No laughing matter

The engineer is one of a growing number of researchers trying to crack the next barrier in computer speech synthesis - emotion. Computers are starting to laugh and sigh, express joy and anger, and even hesitate with natural "ums" and "ahs," in labs at many research centres and universities.

Called expressive speech synthesis, Ellen Eide of IBM in New York says "it’s the hot area" in the field today. The multinational plans to introduce a version of its commercial speech synthesiser that incorporates the new technology.

It is also one of the hardest problems to solve, says Sundaram, who has spent months at the University of Southern California tweaking his laugh synthesiser. And the sound?
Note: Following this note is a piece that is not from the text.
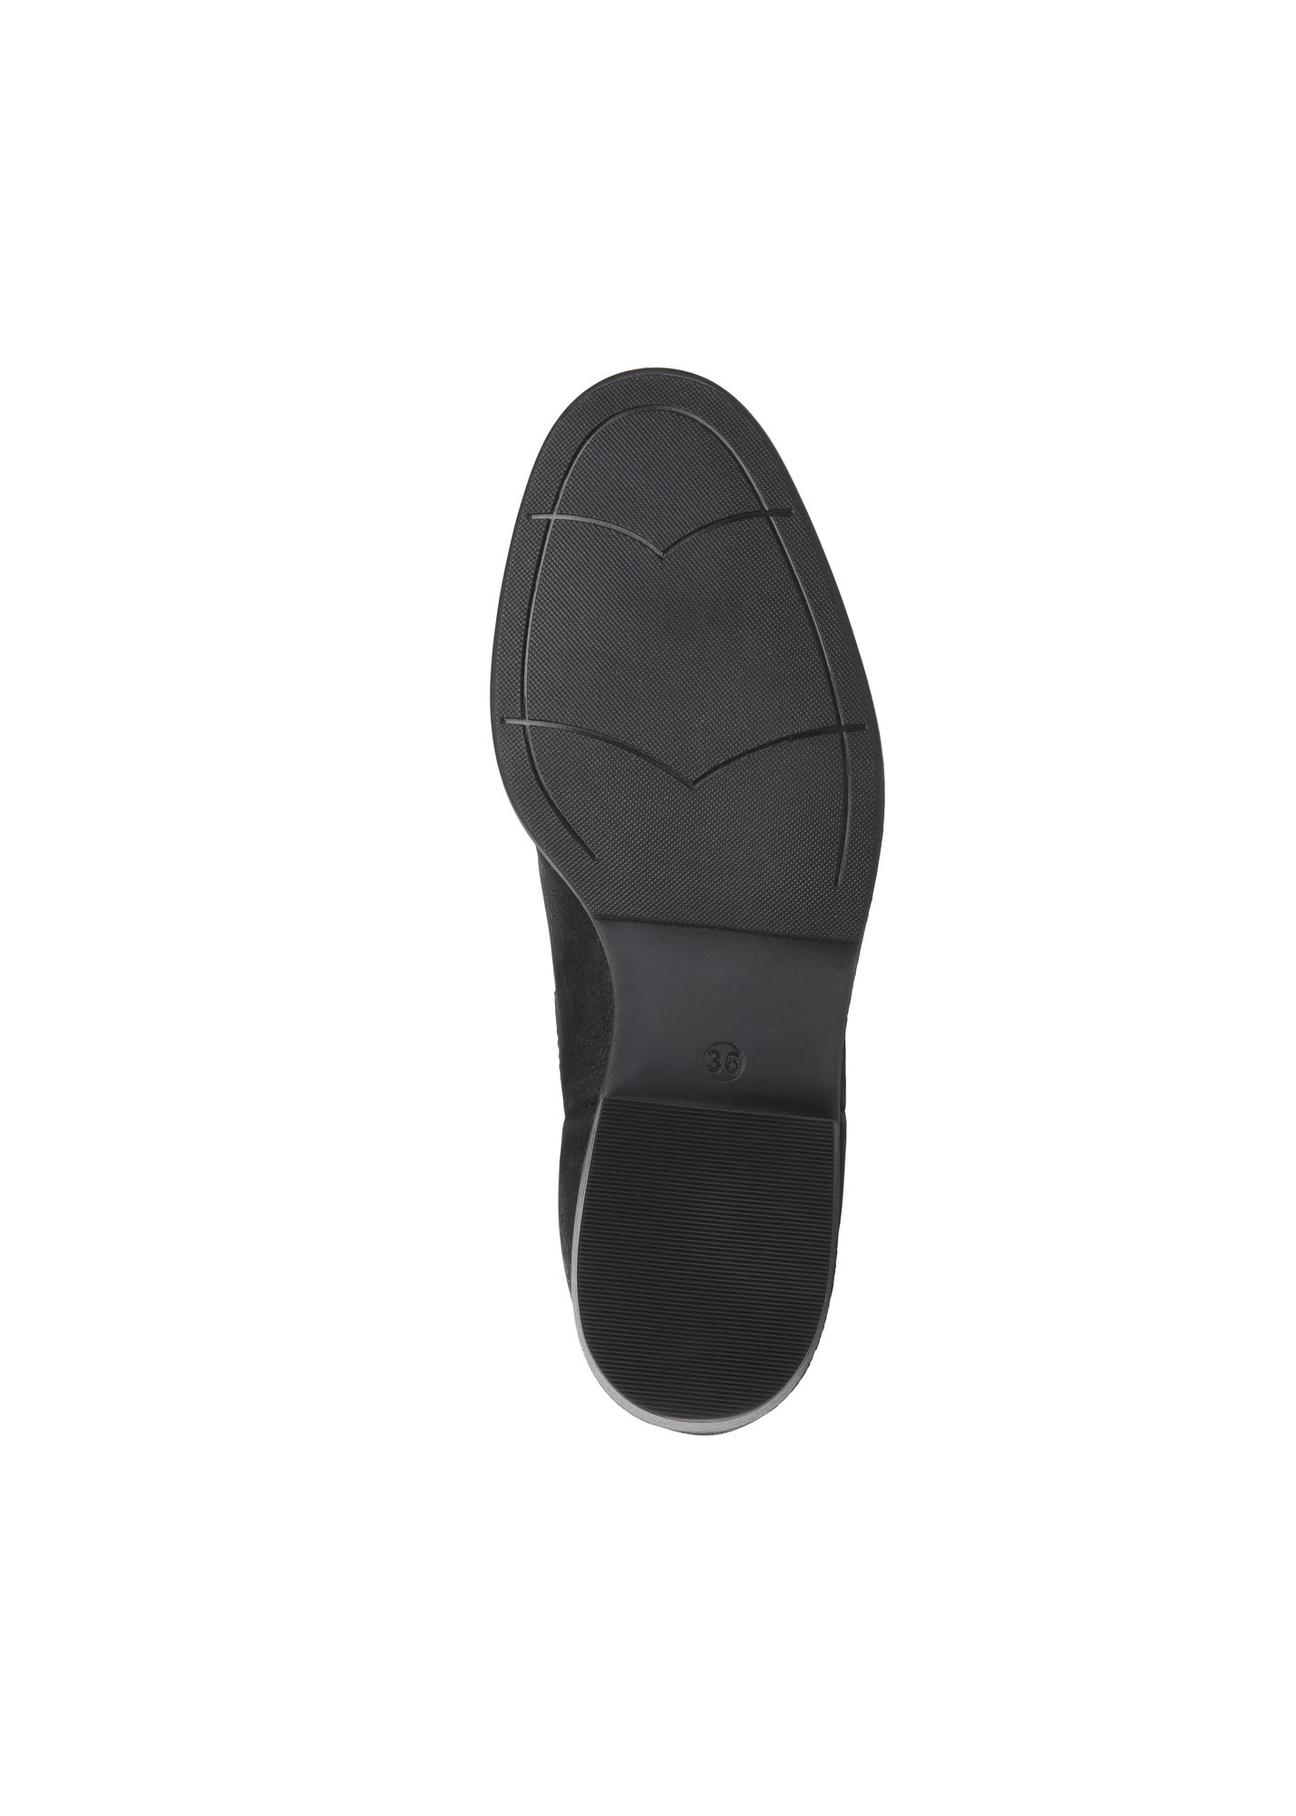 Czarne skórzane buty damskie BUTYD-0936A-98(Z23)

Mirthful, but still machine-made.

"Laughter," he says, "is a very, very complex process."

In 2001, psychologists Jo-Anne Bachorowski, of Vanderbilt University, and Michael Owren, of Cornell, discovered the complexity of laughter when they recorded 1,024 responses from college students watching the films Monty Python and the Holy Grail and When Harry Met Sally.

Men tended to grunt and snort, while women generated more song-like laughter. When some of the audience cracked up with laughter, they hit pitches in excess of 1,000 hertz - roughly high C for a soprano. And those were just the men.

But the complexity of the challenge does not prevent the quest for expressive speech synthesis. It is driven primarily by a grim fact of electronic life: the automated response computers that many of us talk to every day, as we look up phone numbers, check portfolio balances or book airline flights, might be convenient but they can be annoying.

Commercial voice synthesisers speak in the same perpetually upbeat tone whether they’re announcing the time of day or telling you that your pension has just plummeted.

David Nahamoo, overseer of voice synthesis research at IBM, says businesses are concerned that as the technology spreads, customers will be turned off. "We all go crazy when we get some chipper voice telling us bad news," he says.

And so, in the coming months, IBM plans to roll out a new commercial speech synthesiser that understands. The Expressive Text-to-Speech Engine took two years to develop and is designed to strike the appropriate tone when delivering good and bad news. The goal, says Nahamoo, is "to really show some sort of feeling".

Scientist Juergen Schroeter, who oversees speech synthesis research at AT&T Labs, says his organisation wants not only to generate emotional speech, but to detect it too. "Everybody wants to be able to recognise anger and frustration automatically," says Julia Hirschberg, a former AT&T researcher who is now at Columbia University in New York. For example, an automated system that senses stress or anger in a caller’s voice could automatically transfer a customer to a human for help, she says. Hirschberg is developing tutoring software that can recognise frustration and stress in a student’s voice and react by adopting a more soothing tone or by restating a problem. "Sometimes, just by addressing the emotion, it makes people feel better," says Hirschberg.

So, how do you make a machine sound emotional? Nick Campbell, a speech synthesis researcher at the Advanced Telecommunications Research Institute in Kyoto, Japan, says it first helps to understand how the speech synthesis technology most people encounter today is created.

The technique, known as "concatenative synthesis", works like this: engineers hire actors to read into a microphone for several hours. Then they dice the recording into short segments. Measuring in milliseconds, each segment is often barely the length of a single vowel. When it’s time to talk, the computer picks through this audio database for the right vocal elements and stitches them together, digitally smoothing any rough transitions.

If research succeeds, the first customers are likely to be Japanese auto and toymakers, who want to make their products - cars, robots and so on - expressive. Campbell adds: "Instead of saying, ‘You’ve exceeded the speed limit,’ they want the car to go, "Oy - watch it!"

But Sundaram and others know that synthesising emotional speech is only part of the challenge. Determining when and how to use it is vital. As Jurgen Trouvain, a linguist at Saarland University in Germany who is working on laughter synthesis, says: "You would not like to be embarrassing."